#### What is needed
The listing below should be printed in full and exactly, apart from its images.

#### The data

-- Opening Marker --

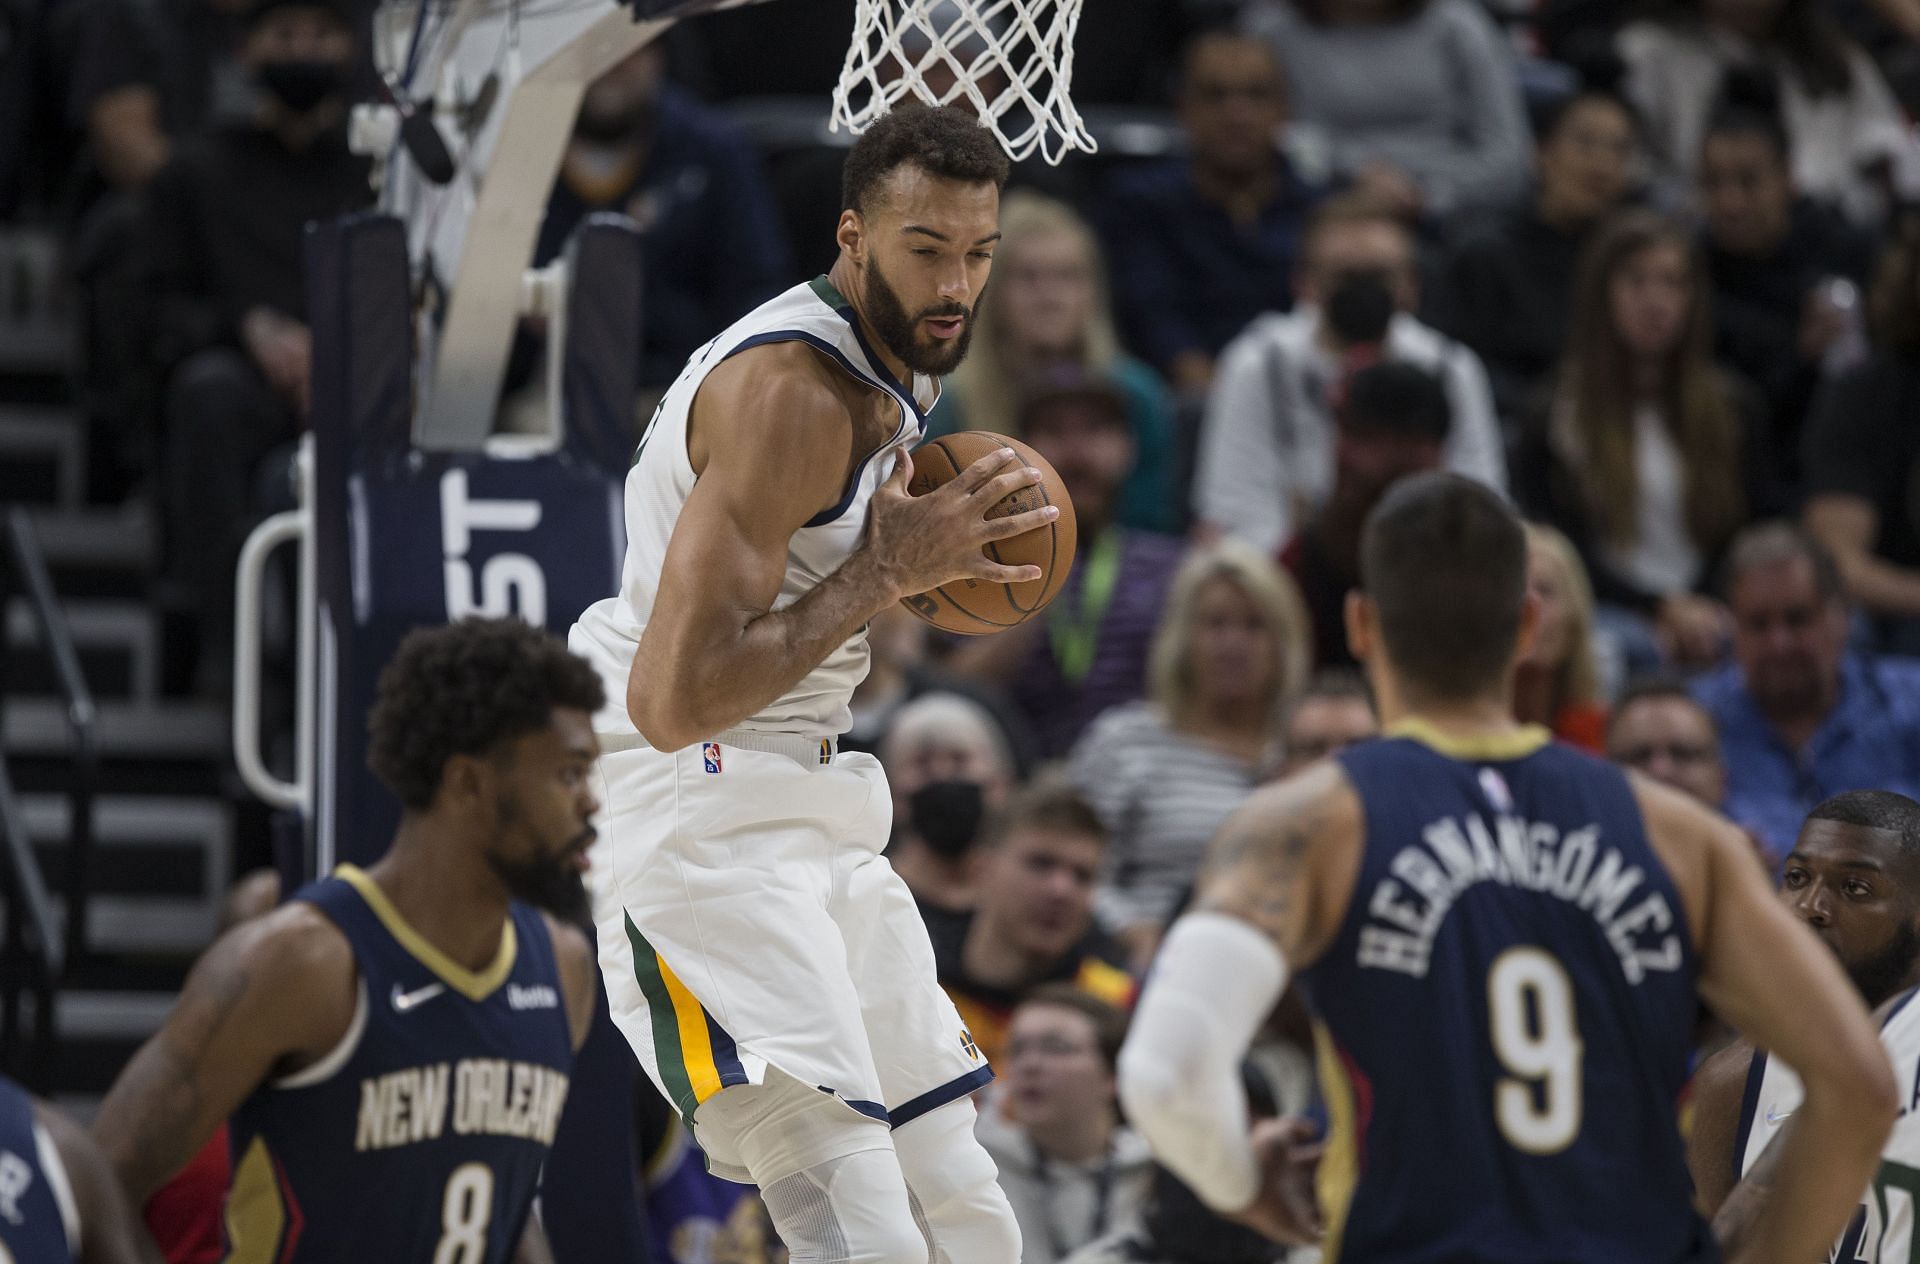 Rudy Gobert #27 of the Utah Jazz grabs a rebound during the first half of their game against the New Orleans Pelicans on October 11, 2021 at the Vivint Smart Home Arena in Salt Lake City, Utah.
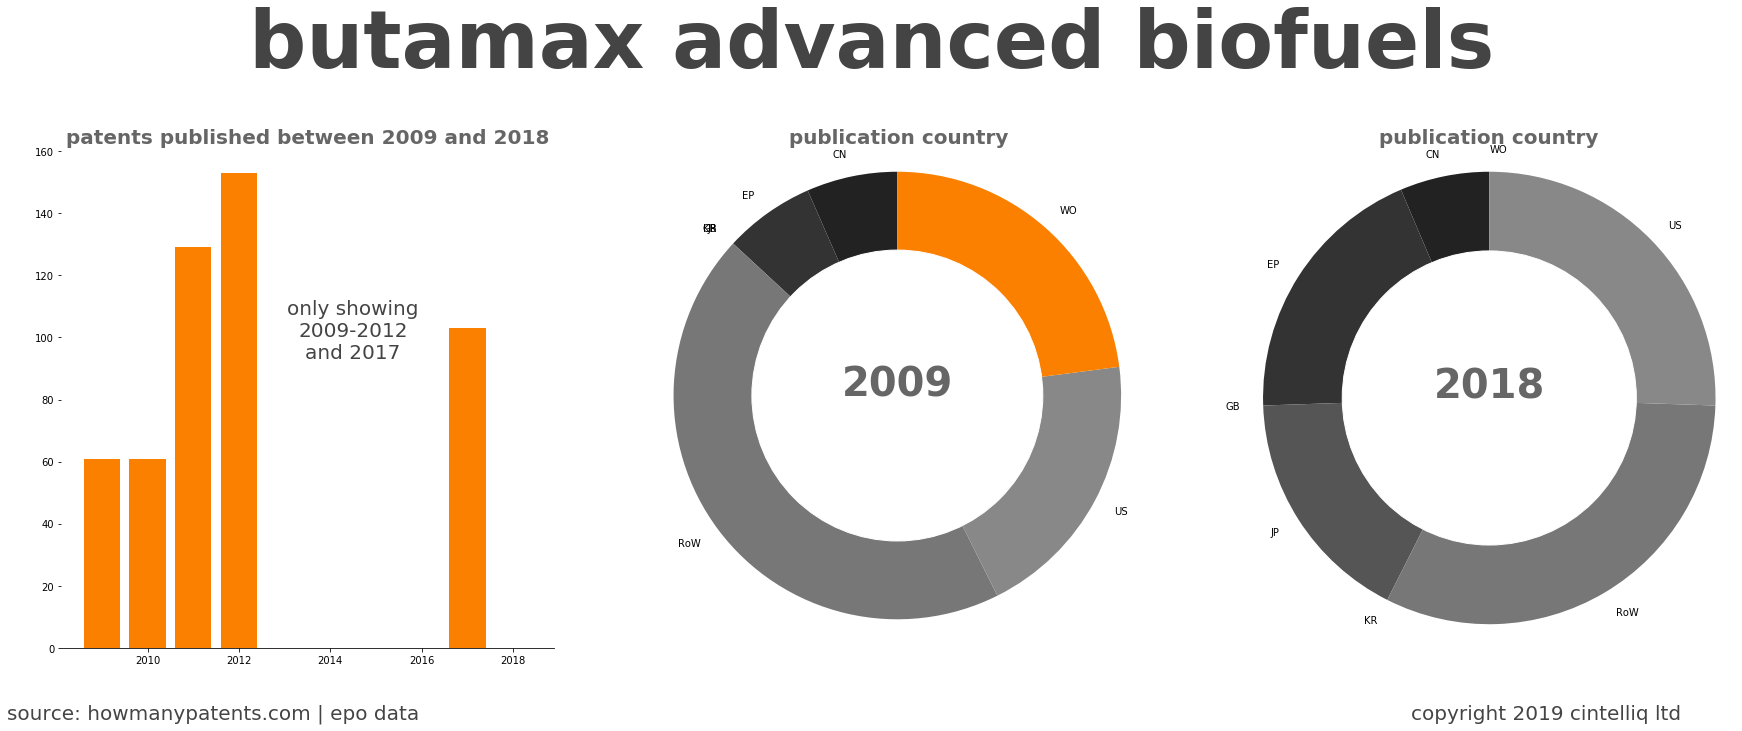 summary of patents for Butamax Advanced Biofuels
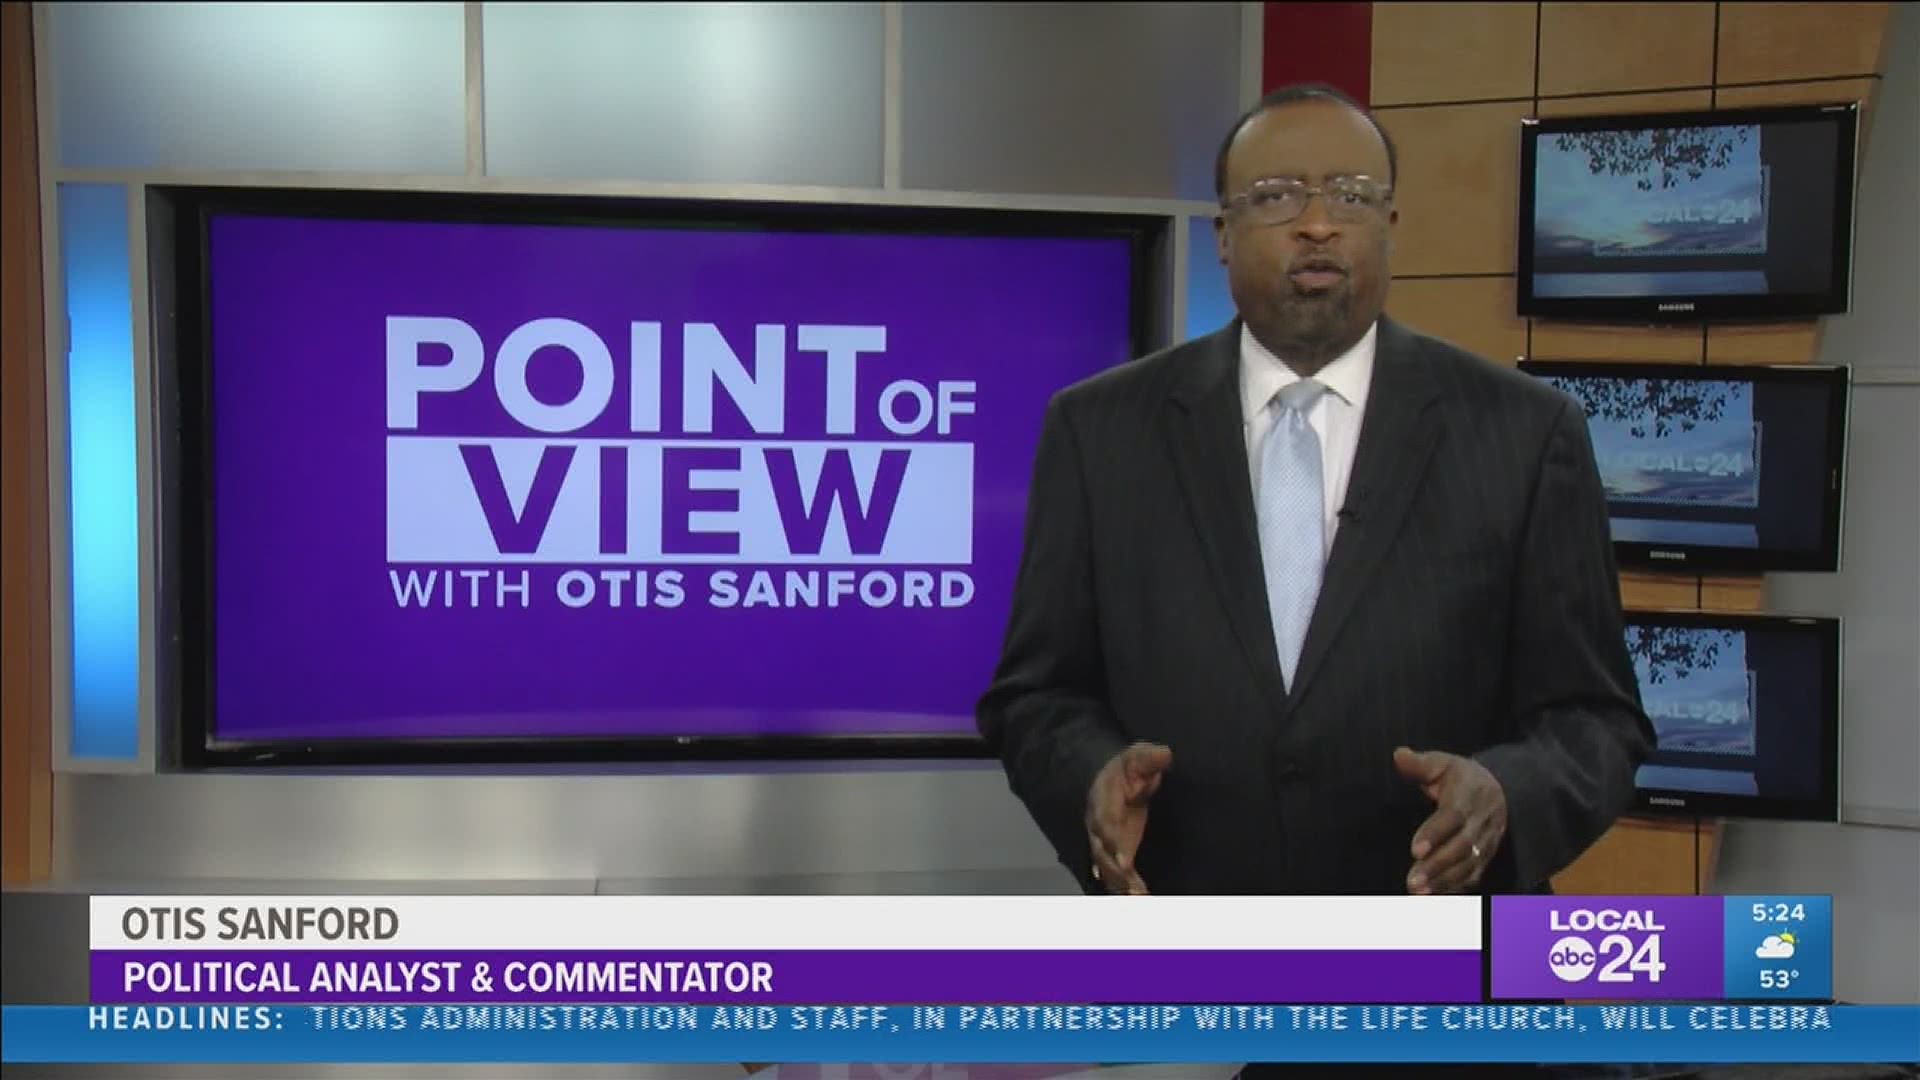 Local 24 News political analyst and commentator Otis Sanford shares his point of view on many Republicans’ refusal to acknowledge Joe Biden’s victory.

-- Closing Marker --

#### Solution to this problem
 Rudy Gobert #27 of the Utah Jazz grabs a rebound during the first half of their game against the New Orleans Pelicans on October 11, 2021 at the Vivint Smart Home Arena in Salt Lake City, Utah.
 summary of patents for Butamax Advanced Biofuels
 Local 24 News political analyst and commentator Otis Sanford shares his point of view on many Republicans’ refusal to acknowledge Joe Biden’s victory.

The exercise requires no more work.